*** Opening DATA SHOWN ***
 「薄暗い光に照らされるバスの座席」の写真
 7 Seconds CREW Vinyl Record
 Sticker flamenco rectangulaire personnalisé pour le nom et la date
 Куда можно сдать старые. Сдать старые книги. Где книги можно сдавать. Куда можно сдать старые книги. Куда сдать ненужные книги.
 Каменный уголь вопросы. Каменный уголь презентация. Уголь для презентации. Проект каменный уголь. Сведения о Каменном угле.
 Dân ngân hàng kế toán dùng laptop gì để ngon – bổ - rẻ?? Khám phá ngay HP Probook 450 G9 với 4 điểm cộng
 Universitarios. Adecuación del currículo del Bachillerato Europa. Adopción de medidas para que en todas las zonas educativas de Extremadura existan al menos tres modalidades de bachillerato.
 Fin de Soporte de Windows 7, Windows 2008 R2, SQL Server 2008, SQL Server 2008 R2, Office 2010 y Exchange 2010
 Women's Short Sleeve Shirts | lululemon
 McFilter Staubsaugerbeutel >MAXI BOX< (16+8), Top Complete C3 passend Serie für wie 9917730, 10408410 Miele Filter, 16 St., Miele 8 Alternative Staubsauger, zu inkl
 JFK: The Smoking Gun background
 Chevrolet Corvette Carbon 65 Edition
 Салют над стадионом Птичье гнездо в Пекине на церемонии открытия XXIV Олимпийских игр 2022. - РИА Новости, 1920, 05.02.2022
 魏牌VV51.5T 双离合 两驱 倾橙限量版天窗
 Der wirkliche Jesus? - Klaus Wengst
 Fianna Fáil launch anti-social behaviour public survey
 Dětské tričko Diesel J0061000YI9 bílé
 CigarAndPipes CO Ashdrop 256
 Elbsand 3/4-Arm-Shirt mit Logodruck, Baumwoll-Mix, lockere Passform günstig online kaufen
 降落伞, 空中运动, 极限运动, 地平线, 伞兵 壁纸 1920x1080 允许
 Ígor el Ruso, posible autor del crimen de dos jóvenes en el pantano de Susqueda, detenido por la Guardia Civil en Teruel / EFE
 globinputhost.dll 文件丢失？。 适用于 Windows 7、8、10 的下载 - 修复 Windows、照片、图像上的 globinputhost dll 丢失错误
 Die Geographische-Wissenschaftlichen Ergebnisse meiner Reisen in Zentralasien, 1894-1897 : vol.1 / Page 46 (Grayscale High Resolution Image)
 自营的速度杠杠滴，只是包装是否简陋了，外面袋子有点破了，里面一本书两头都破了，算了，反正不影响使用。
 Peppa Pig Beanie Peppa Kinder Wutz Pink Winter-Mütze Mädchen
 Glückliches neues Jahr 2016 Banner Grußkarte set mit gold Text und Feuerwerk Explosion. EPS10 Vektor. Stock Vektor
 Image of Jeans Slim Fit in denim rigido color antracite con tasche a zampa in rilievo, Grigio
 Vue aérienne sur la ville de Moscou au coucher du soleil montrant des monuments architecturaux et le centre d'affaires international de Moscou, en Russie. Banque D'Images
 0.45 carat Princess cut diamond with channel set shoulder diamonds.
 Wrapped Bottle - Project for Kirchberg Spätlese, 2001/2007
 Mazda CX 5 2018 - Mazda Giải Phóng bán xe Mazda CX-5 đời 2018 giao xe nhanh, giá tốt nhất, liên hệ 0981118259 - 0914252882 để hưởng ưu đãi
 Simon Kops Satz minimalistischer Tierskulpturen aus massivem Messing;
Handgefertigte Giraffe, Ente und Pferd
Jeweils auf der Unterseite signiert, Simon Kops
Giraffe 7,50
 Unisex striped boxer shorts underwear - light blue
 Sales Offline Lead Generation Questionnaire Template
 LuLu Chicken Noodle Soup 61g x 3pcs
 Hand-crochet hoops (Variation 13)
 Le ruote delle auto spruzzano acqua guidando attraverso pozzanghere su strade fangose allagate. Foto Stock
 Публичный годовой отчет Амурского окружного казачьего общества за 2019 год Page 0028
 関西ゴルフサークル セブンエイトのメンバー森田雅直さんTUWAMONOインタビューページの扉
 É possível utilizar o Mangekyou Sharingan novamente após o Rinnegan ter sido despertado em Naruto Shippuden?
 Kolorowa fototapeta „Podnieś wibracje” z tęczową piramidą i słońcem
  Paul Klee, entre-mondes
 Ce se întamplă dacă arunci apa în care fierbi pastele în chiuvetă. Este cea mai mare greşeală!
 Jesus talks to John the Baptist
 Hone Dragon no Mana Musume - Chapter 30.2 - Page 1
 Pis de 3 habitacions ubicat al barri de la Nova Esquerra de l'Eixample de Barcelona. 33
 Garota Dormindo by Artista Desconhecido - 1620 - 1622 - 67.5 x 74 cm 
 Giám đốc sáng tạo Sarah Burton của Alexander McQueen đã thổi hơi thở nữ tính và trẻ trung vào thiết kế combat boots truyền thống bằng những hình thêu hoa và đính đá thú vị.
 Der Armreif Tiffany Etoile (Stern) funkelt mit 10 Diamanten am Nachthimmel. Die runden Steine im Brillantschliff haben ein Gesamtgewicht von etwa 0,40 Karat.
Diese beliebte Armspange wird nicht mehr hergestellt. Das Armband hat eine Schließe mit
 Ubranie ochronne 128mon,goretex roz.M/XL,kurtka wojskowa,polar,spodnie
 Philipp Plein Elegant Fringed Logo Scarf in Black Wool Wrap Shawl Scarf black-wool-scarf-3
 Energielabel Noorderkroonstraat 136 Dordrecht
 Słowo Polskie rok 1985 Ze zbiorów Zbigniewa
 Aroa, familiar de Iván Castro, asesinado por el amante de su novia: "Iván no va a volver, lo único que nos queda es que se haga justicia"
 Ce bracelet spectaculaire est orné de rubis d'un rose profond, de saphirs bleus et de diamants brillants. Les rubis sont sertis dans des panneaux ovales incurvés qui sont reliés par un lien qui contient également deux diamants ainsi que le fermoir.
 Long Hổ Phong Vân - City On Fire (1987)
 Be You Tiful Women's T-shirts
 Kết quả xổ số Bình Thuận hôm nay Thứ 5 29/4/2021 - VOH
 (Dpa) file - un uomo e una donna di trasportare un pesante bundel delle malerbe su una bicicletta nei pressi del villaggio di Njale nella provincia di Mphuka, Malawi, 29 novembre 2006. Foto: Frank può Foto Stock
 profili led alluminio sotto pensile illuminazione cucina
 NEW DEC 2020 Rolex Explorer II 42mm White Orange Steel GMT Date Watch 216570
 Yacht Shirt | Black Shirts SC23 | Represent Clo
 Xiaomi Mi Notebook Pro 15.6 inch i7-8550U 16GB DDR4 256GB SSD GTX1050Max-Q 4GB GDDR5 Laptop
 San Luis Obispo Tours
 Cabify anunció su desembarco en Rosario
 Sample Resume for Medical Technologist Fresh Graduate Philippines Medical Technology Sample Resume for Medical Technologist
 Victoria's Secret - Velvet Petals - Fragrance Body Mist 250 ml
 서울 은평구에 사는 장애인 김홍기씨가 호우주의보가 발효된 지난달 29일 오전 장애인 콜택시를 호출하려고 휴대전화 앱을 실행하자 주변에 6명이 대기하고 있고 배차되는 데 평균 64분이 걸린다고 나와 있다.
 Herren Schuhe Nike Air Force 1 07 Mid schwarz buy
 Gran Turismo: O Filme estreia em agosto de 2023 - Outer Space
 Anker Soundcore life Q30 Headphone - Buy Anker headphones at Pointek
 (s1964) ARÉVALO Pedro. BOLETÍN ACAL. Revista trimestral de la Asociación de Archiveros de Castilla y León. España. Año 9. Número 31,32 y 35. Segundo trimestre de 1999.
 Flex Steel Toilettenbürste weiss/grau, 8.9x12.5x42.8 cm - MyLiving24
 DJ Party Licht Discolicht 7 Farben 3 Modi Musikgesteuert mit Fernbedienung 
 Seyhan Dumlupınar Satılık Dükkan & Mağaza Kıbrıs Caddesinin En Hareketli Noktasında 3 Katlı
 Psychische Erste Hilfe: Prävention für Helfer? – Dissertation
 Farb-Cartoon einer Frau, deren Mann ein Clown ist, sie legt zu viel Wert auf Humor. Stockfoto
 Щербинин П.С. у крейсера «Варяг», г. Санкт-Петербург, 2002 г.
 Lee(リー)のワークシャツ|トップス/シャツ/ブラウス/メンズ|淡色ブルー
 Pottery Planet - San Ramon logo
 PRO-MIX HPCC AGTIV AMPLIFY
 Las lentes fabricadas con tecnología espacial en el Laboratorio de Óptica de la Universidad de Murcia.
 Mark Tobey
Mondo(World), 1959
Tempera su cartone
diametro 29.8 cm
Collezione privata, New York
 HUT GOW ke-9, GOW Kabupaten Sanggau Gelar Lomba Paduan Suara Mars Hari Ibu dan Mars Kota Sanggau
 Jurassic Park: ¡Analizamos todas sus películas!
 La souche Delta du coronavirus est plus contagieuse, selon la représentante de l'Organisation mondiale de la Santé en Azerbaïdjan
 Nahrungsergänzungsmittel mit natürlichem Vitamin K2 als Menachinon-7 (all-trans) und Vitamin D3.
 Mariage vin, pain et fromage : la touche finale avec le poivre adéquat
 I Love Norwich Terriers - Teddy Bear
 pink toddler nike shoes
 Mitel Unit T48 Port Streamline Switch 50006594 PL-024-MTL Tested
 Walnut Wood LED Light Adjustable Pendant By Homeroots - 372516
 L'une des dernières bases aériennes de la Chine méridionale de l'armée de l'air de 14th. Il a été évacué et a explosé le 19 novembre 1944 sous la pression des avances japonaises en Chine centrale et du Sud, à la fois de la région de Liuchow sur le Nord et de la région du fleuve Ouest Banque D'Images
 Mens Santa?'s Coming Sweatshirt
*** Closing DATA SHOWN ***
Above are the records. Copy the lines beginning at the one that has "CigarAndPipes CO Ashdrop 256" and ending with the one that has "Unisex striped boxer", unchanged.

# TASK SOLUTION:
 CigarAndPipes CO Ashdrop 256
 Elbsand 3/4-Arm-Shirt mit Logodruck, Baumwoll-Mix, lockere Passform günstig online kaufen
 降落伞, 空中运动, 极限运动, 地平线, 伞兵 壁纸 1920x1080 允许
 Ígor el Ruso, posible autor del crimen de dos jóvenes en el pantano de Susqueda, detenido por la Guardia Civil en Teruel / EFE
 globinputhost.dll 文件丢失？。 适用于 Windows 7、8、10 的下载 - 修复 Windows、照片、图像上的 globinputhost dll 丢失错误
 Die Geographische-Wissenschaftlichen Ergebnisse meiner Reisen in Zentralasien, 1894-1897 : vol.1 / Page 46 (Grayscale High Resolution Image)
 自营的速度杠杠滴，只是包装是否简陋了，外面袋子有点破了，里面一本书两头都破了，算了，反正不影响使用。
 Peppa Pig Beanie Peppa Kinder Wutz Pink Winter-Mütze Mädchen
 Glückliches neues Jahr 2016 Banner Grußkarte set mit gold Text und Feuerwerk Explosion. EPS10 Vektor. Stock Vektor
 Image of Jeans Slim Fit in denim rigido color antracite con tasche a zampa in rilievo, Grigio
 Vue aérienne sur la ville de Moscou au coucher du soleil montrant des monuments architecturaux et le centre d'affaires international de Moscou, en Russie. Banque D'Images
 0.45 carat Princess cut diamond with channel set shoulder diamonds.
 Wrapped Bottle - Project for Kirchberg Spätlese, 2001/2007
 Mazda CX 5 2018 - Mazda Giải Phóng bán xe Mazda CX-5 đời 2018 giao xe nhanh, giá tốt nhất, liên hệ 0981118259 - 0914252882 để hưởng ưu đãi
 Simon Kops Satz minimalistischer Tierskulpturen aus massivem Messing;
Handgefertigte Giraffe, Ente und Pferd
Jeweils auf der Unterseite signiert, Simon Kops
Giraffe 7,50
 Unisex striped boxer shorts underwear - light blue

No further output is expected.